Tim: Jared had an idea for a series about the more realistic, less romantic aspects of being in a serious relationship.  I moved out of the city to the suburbs and Nick got engaged out in LA.   We sort of combined all of those facets and Commuters was the end result.

IFC: How would Harris describe Olivia?

Jared: Olivia is the smartest, coolest, hottest person in the world, and Harris can’t believe he gets to be with her, even though she does overreact to everything and has no chill. Like seriously, ease up. It doesn’t always have to be ‘a thing.’

IFC: How would Olivia describe Harris?

Nikki:  Harris is smart, confident with a dry sense of humor but he’s also kind of a major chicken shit…. Kind of like if Han Solo and Barney Rubble had a baby.

IFC: Why do you think the world is ready for this series?

Nikki:  I think this is the most accurate portrayal of what a modern relationship looks like. Expectations for what your life is ‘supposed to look like’ are confusing and often a let down but when you’re married to your best friend, it’s going to be ok because you will always find a way to make each other laugh.

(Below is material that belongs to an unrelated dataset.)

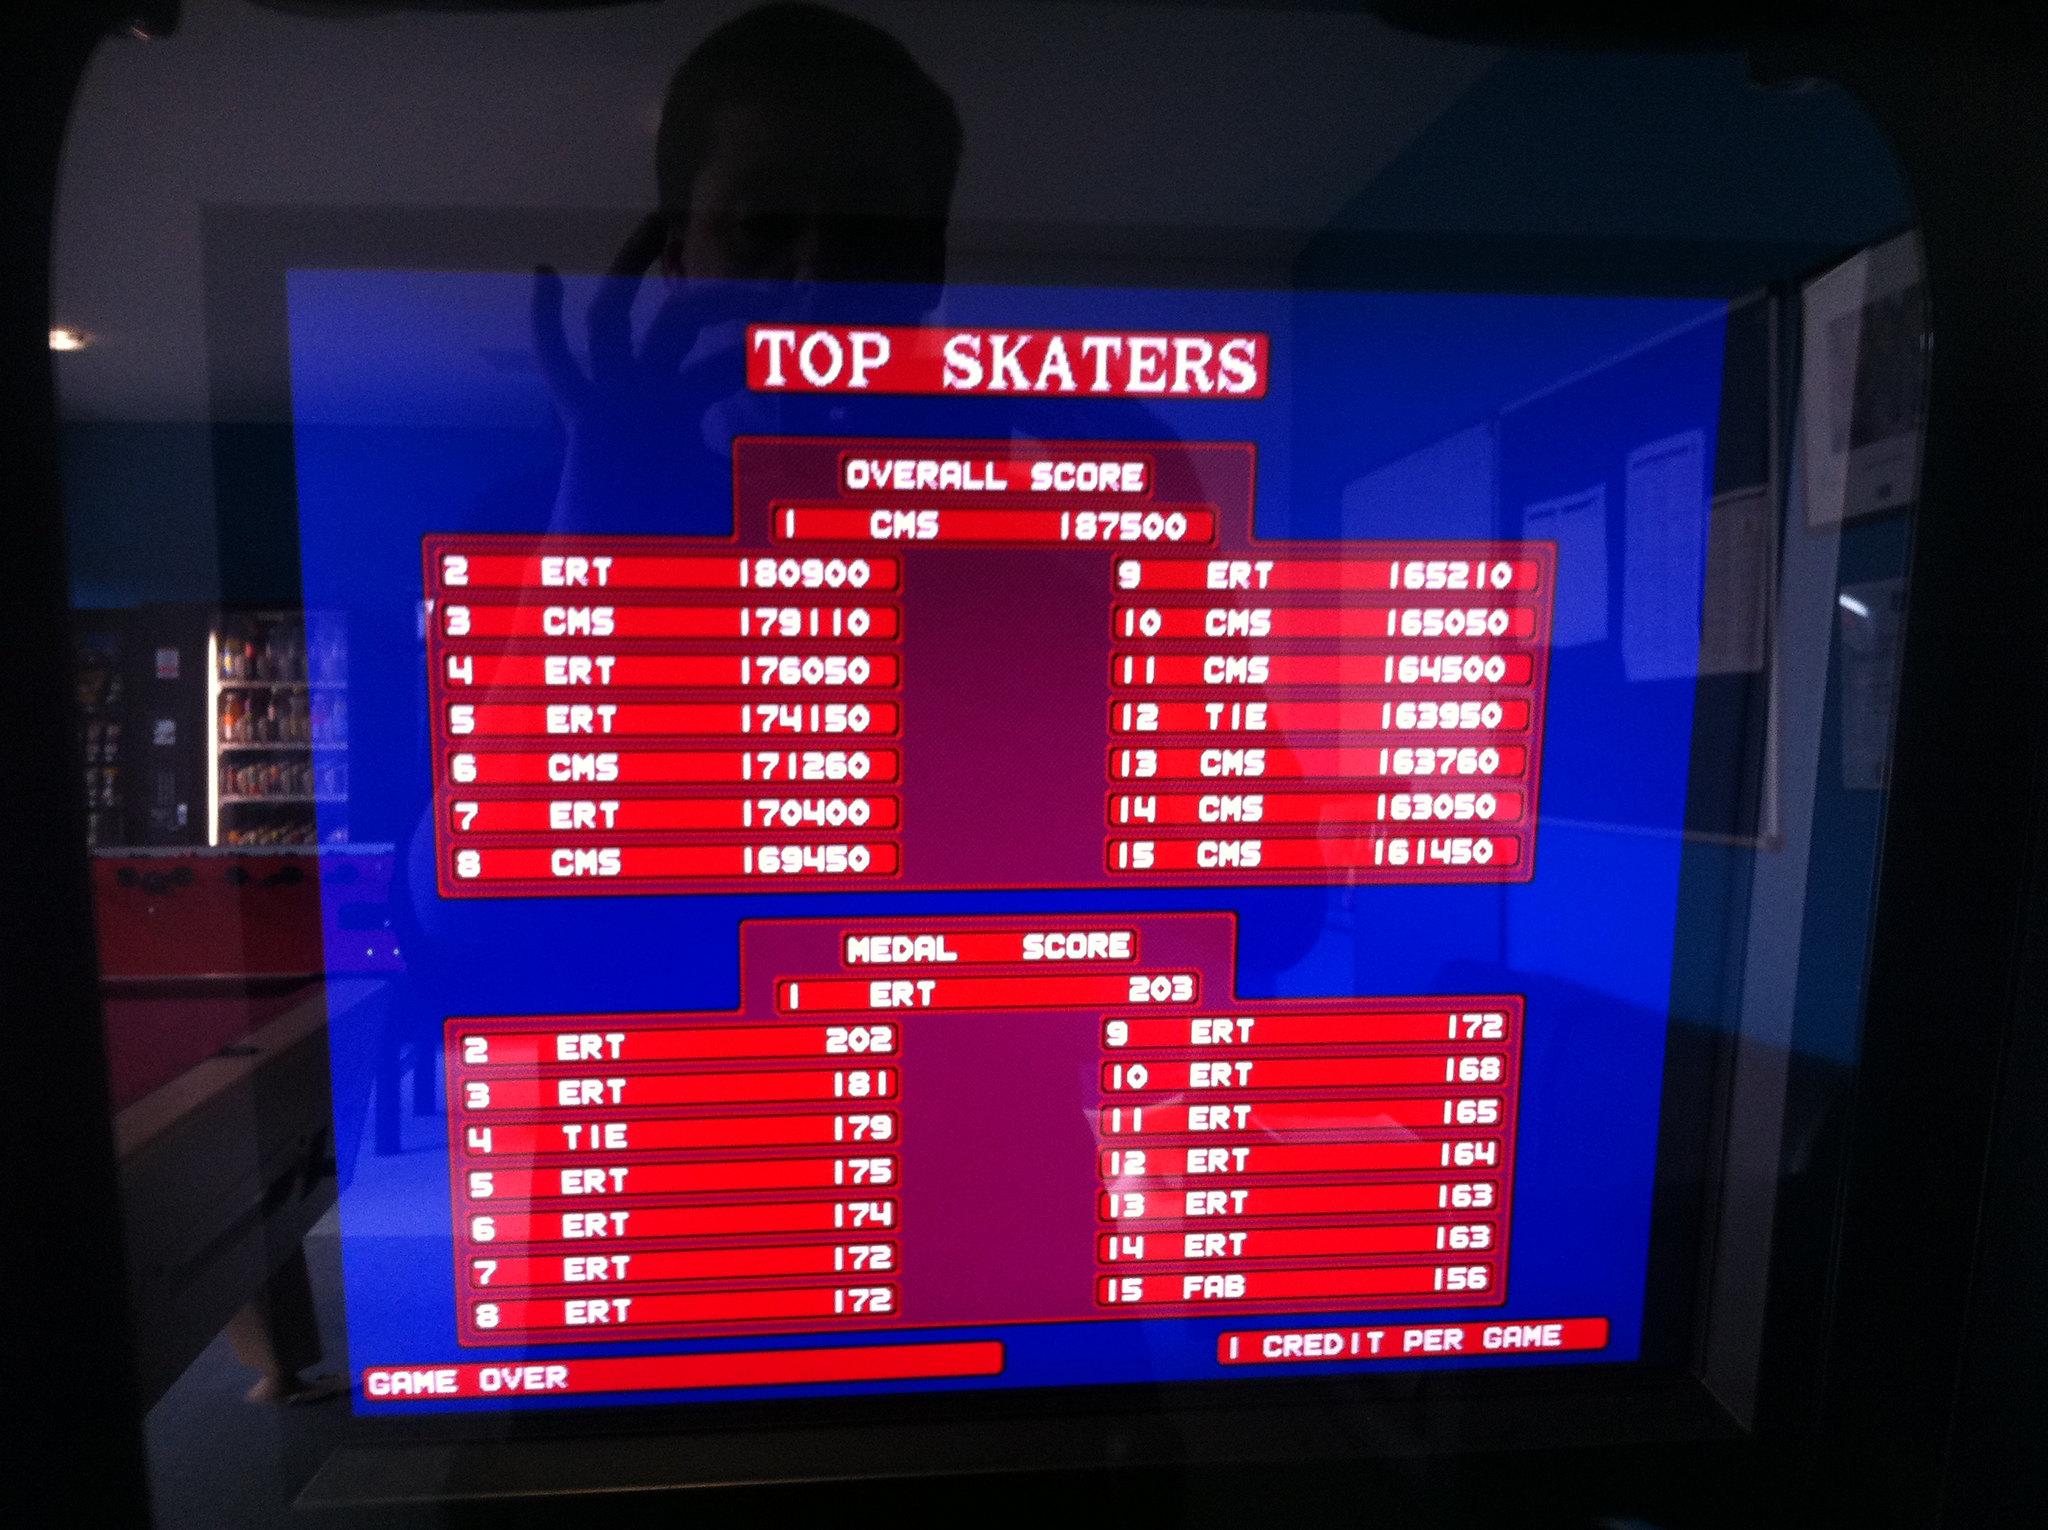 Top Skaters

IFC: Is the exciting life of NYC twentysomethings a sweet dream from which we all must awake, or is it a nightmare that we don’t realize is happening until it’s over?

Tim: Now that i’ve spent time living in the suburbs, helping to raise a two year old, y’all city folk have no fucking clue how great you’ve got it.

Nikki: I think of it similar to how I think about college. There’s a time and age for it to be glorious but no one wants to hang out with that 7th year senior. Luckily, NYC is so multifaceted that you can still have an exciting life here but it doesn’t have to be just what the twentysomethings are doing (thank god).

Jared: New York City is a garbage fire.

See the whole season of Commuters right now on IFC’s Comedy Crib.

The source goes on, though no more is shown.